Adverse Yaw and Aircraft Turns


To understand what adverse yaw is, we need to first explain the axes of motion for an airplane. An aircraft in flight can rotate around three different axes, as illustrated below.

Aircraft axes of motion
Aircraft axes of motion

First, the aircraft nose can rotate up and down about the y-axis, a motion known as pitch. Pitch control is typically accomplished using an elevator on the horizontal tail. Second, the wingtips can rotate up and down about the x-axis, a motion known as roll. Roll control is usually provided using ailerons located at each wingtip. Finally, the nose can rotate left and right about the z-axis, a motion known as yaw. Yaw control is most often accomplished using a rudder located on the vertical tail.

Aircraft control surfaces
Aircraft control surfaces

However, the effect of one control surface is not always limited to just pitch, roll, or yaw alone. When the deflection of one control surface affects more than one of these orientations, we say that the orientations are coupled. The most important of these coupled interactions is adverse yaw. To better understand the concept, let's study a picture of what happens when the pilot deflects the ailerons to roll the aircraft.

Effects caused by aileron deflection
Effects caused by aileron deflection

As you can see, the aircraft rolls because one aileron is deflected downward while the other is deflected upward. Lift increases on the wing with the downward-deflected aileron because the deflection effectively increases the camber of that portion of the wing. Conversely, lift decreases on the wing with the upward-deflected aileron since the camber is decreased. The result of this difference in lift is that the wing with more lift rolls upward to create the desired rolling motion.

Unfortunately, drag is also affected by this aileron deflection. More specifically, two types of drag, called induced drag and profile drag, are increased when ailerons are deployed. Induced drag is a form of drag that is induced by any surface that generates lift. The more lift a surface produces the more induced drag it will cause (for a given wingspan and wing area). Thus, the wing on which the aileron is deflected downward to generate more lift also experiences more induced drag than the other wing. Profile drag includes all other forms of drag generated by the wing, primarily skin friction and pressure drag. This profile drag increases on both wings when the ailerons are deflected, but the increase is equal when the ailerons are deflected by the same amount. However, the induced drag on each side is not equal, and a larger total drag force exists on the wing with the down aileron. This difference in drag creates a yawing motion in the opposite direction of the roll. Since the yaw motion partially counteracts the desired roll motion, we call this effect adverse yaw.

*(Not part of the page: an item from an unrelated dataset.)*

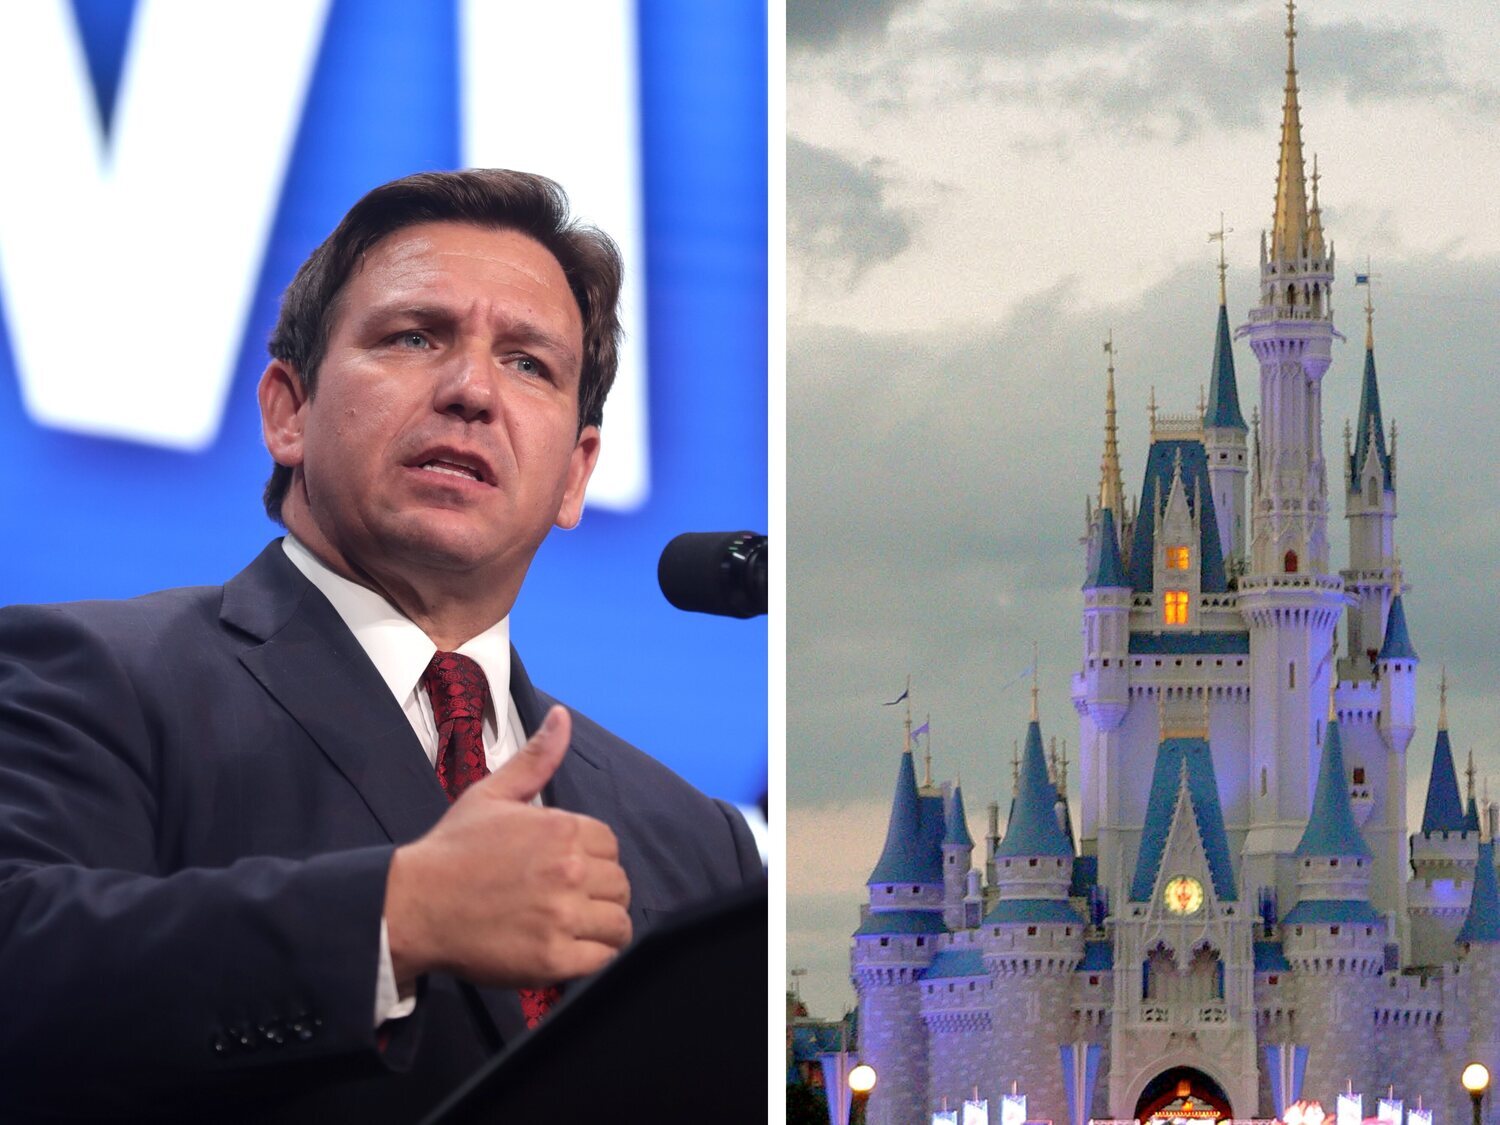 El gobernador ultra de Florida, Ron DeSantis, toma el control de Disney World por su oposición a sus políticas homófobas

We can correct for this effect in several ways, the most important methods being:

  1. Frise ailerons: The concept behind this particular kind of aileron is to minimize the profile drag on the wing with the down aileron while increasing the profile drag on the wing with the up aileron. This difference in profile drag counteracts the effect of induced drag thereby creating a yawing motion that at least partially cancels the adverse yaw effect.

    Frise ailerons
    Frise ailerons

    Frise ailerons accomplish this differential profile drag by maintaining a smooth contour between the upper surfaces of the wing and aileron, causing very little drag, while the bottom surface of the aileron juts downward to create a large increase in profile drag. Although this approach is simple and does provide some relief, the performance of Frise ailerons is very dependent on operating conditions. For this reason, such ailerons are often only partially effective at overcoming adverse yaw.

  2. Differential ailerons: Another approach to solving adverse yaw is to deflect the ailerons by differing amounts. The deflection of the down aileron is typically much less than the up aileron so that the additional profile drag is very small compared to that on the up aileron.

    Differential ailerons
    Differential ailerons

    As in the case of Frise aileron, this differential profile drag produces a yawing motion that at least partially offsets the adverse yaw, but the effect is limited.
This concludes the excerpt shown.